Push-ups are the bane of anyone beginning any kind of exercise routine. They’re easy to learn to do right though and involve you working against the weight of your entire body. This makes it a highly effective form of strength training that doesn’t really decrease in effectiveness as your exercise more. You need to carefully lay face-down on the ground. The goal is to reach a starting position where your weight is distributed along your body with the primary points being your hands and your toes. Your arms should be bent with the hands spaced a little way from your shoulders. Keep your legs straight and your feet together as you raise yourself slightly off of the ground. Once you’re in this starting position, push yourself up using your arms while keeping the rest of your body in alignment. Your arms should be either mostly or fully extended once you reach the peak of the push-up. Let yourself back down quickly, but carefully. You should do this for a minute to a minute and a half solid before taking a break. Repeating this two to three times is a good way to exercise easily in a small space.

Weighted squats.

Weighted Squats
Push-ups help work the upper parts of your body. To offset this, you should acquire dumbbells or another exercise weight to include in a series of squats. These focus on working your lower body while using weights will increase the effectiveness of the workout for your lower half and give your upper body a little to do during the exercise as well. Dumbbells should be held at your side while other weights should be held in the most comfortable fashion available that doesn’t disrupt your ability to do squats. You should start with your feet planted roughly equal to your hips. Slowly squat down by bending your knees and allowing your hips to naturally push backwards. Stop at a point where you hands are or would be level with your calves. Rise back up to your starting position. These squats should be done, like push-ups, for a minute to a minute and a half. Take a small breather and repeat the exercise two to three times depending on your own capabilities.

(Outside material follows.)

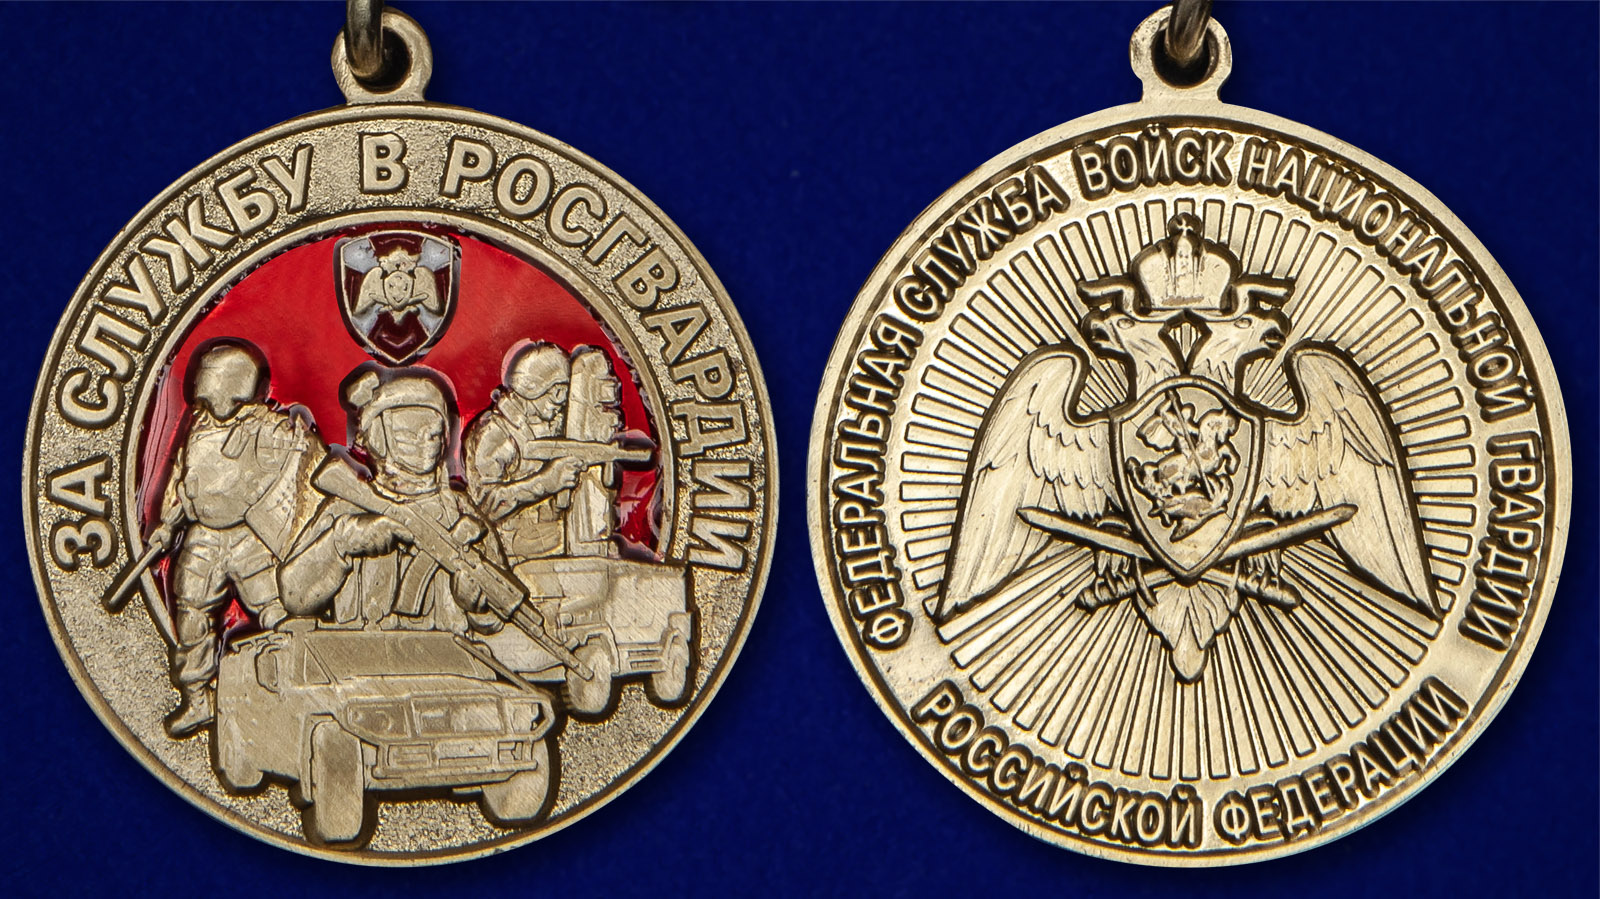 Медаль "За службу в Росгвардии"

Still got weights from the last exercise? They’re necessary for deadlifts. This is ideally done with dumbbells that are designed for this task, but other weights are usable if they’re easily held at the sides. Start by standing upright in good body alignment with the weights carefully in front of you. Bend forward carefully and allow your body to bend with the weights in your hands until you are almost bent straight over. Right yourself using your muscles, but remember not to do so so suddenly that the weights hit your legs. Like the other exercises highlighted, this should be done for a minute to a minute and a half with a breather before repeating two to three times. You can adjust the times and repetitions of each exercise according to your own abilities, but remember that a little strain is proof that your body is trying. Your body has to be trying a little for an exercise to be worthwhile.

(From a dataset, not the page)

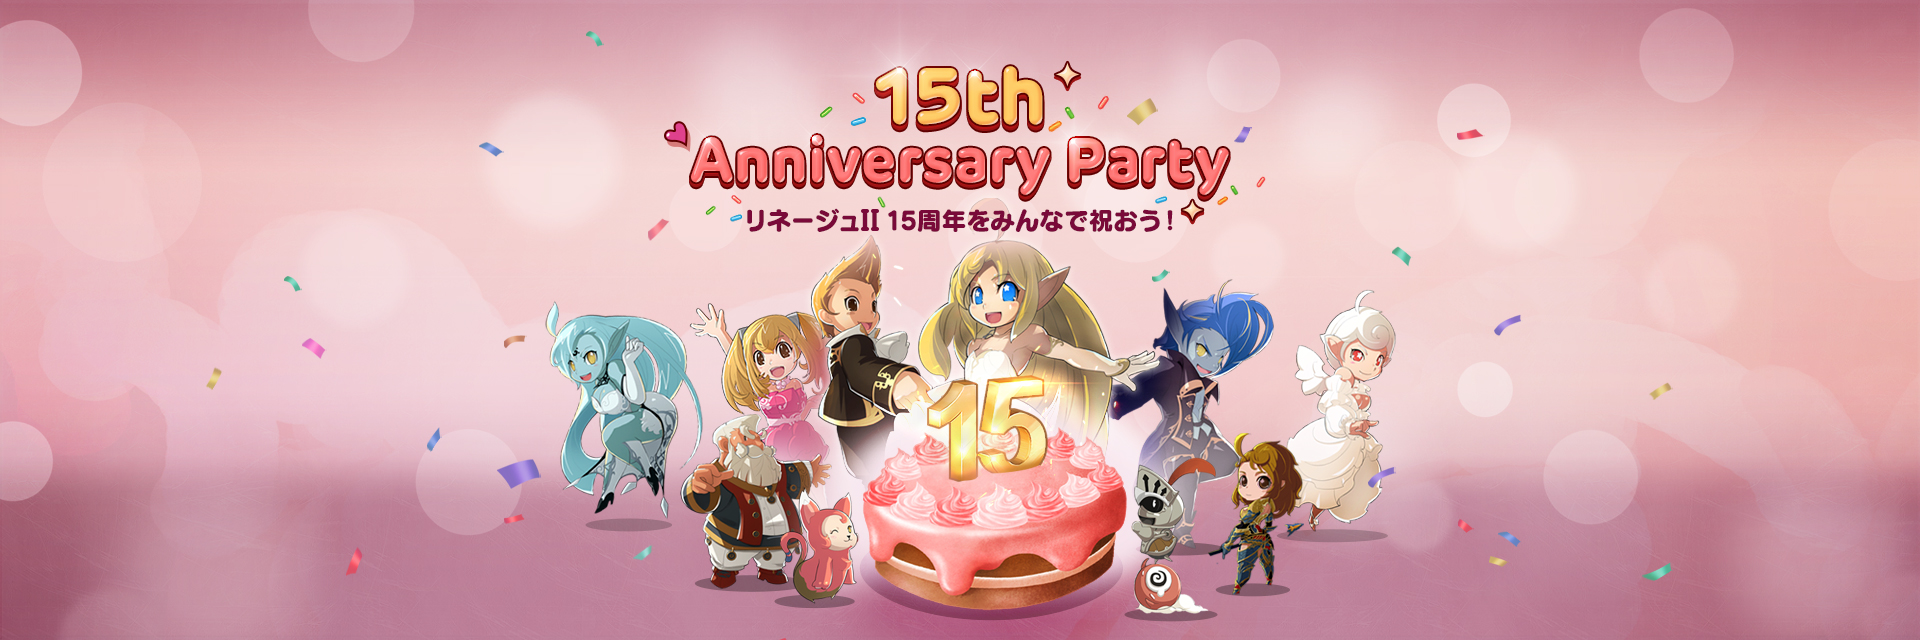 「15th Anniversary Party」ライブクラシック同時開催☆

The exercises we’ve highlighted here will give you a solid foundation to create a fifteen minutes exercise routine. Depending on how long each repetition of an exercise takes, you have room to find another strength training exercise that you want to try to add it to the routine. Strength training’s muscle building aspect will help you burn weight off and keep it off if you maintain the exercise routine. Remember that you’ll get better at the exercises with time and may need to do them a little longer to get the same effects as you used to once your body acclimates to your normal routine. In this way, you’ll work towards maintaining your beauty and fitness fifteen minutes a day.